|
|
|
|
|
by lelandbatey
21 days ago
|
|
A gaming PC can already host models that perfectly serve casual users who just want recipes, todo tracking, picture identification, etc. E.g. Qwen 3.6 35b which will run on a $650 GPU at 75 t/s (Nvidia 1660 ti 16GB). Said model will also run as a tool-calling coding model excellently (it's no Opus, but for a thing that once set up is just the cost of energy, it's incredible). It can type faster than you can, probably 10x faster, so with guidance it'll make you faster. And it's free. It's here. If folks want ChatGPT without a subscription, they can have it today on their computer. The only money to be made is in the high end models doing "serious business" work spanning 1M+ token contexts and massive uncertainty.
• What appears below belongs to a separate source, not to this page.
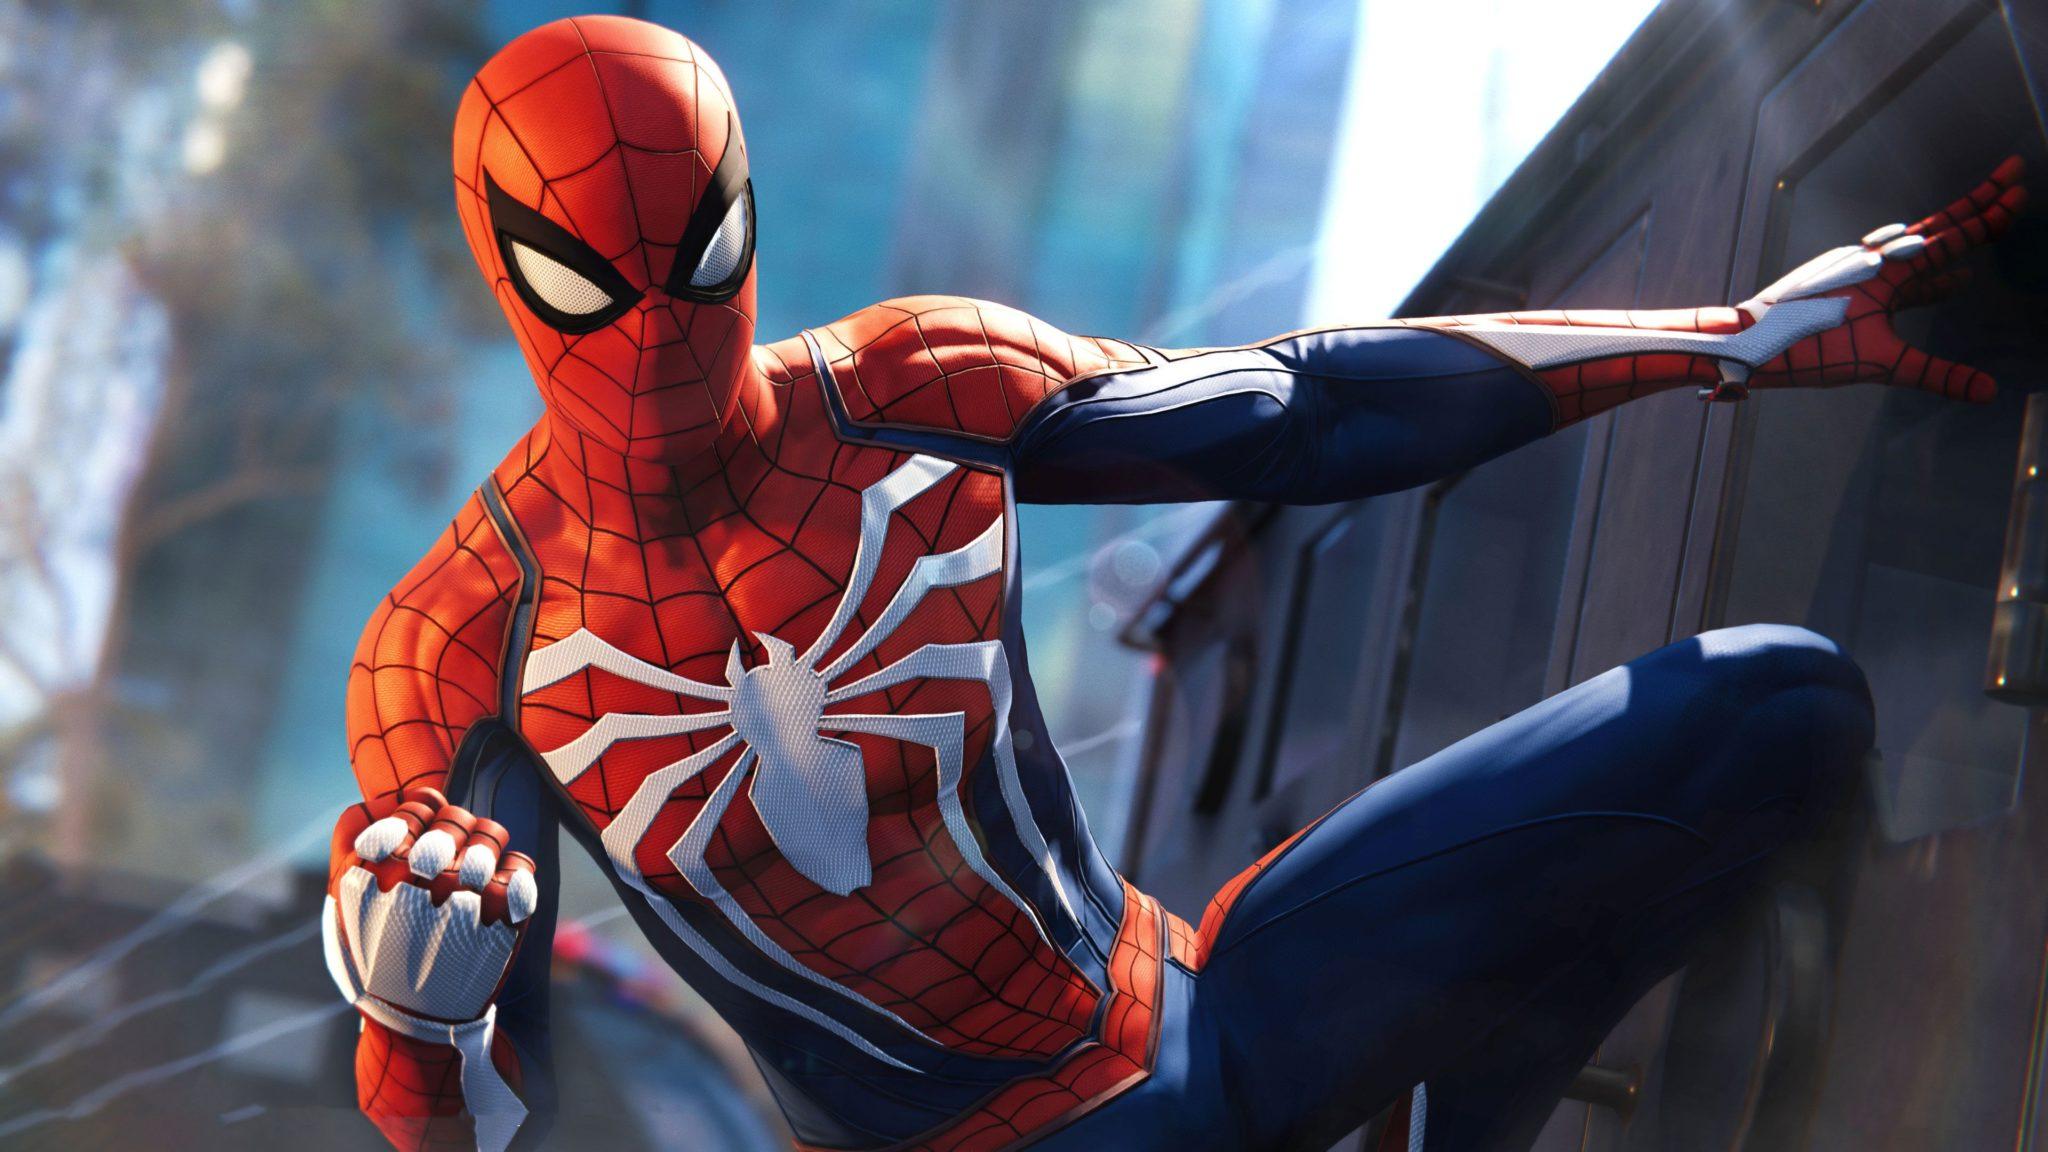 Spider-Man may well be the next Marvel hero to join the Fortnite roster.

Everything else is already set to be eaten by today's local models. |
|
Here's a prompt I just ran against Claude Opus 4.7:
> Use python3 to experiment with whether the SQLite3 authorizer mechanism can be used to detect an INSERT OR REPLACE based just on running an explain query without examining the SQL string itself
Opus nailed it: https://claude.ai/share/c4212606-3fee-4b7c-bc97-505e0348ccac
I tried the same thing against qwen/qwen3.5-35b-a3b running locally in lmstudio, with the Pi coding agent. At first it looked like it was going to do great! And then it fell apart over the course of several tool calls: https://gisthost.github.io/?8ae2f842df619fb7fd8f1ccd82fe41c7
I'm used to GPT-5.5 and Opus 4.7 handling that kind of prompt without any problems at all.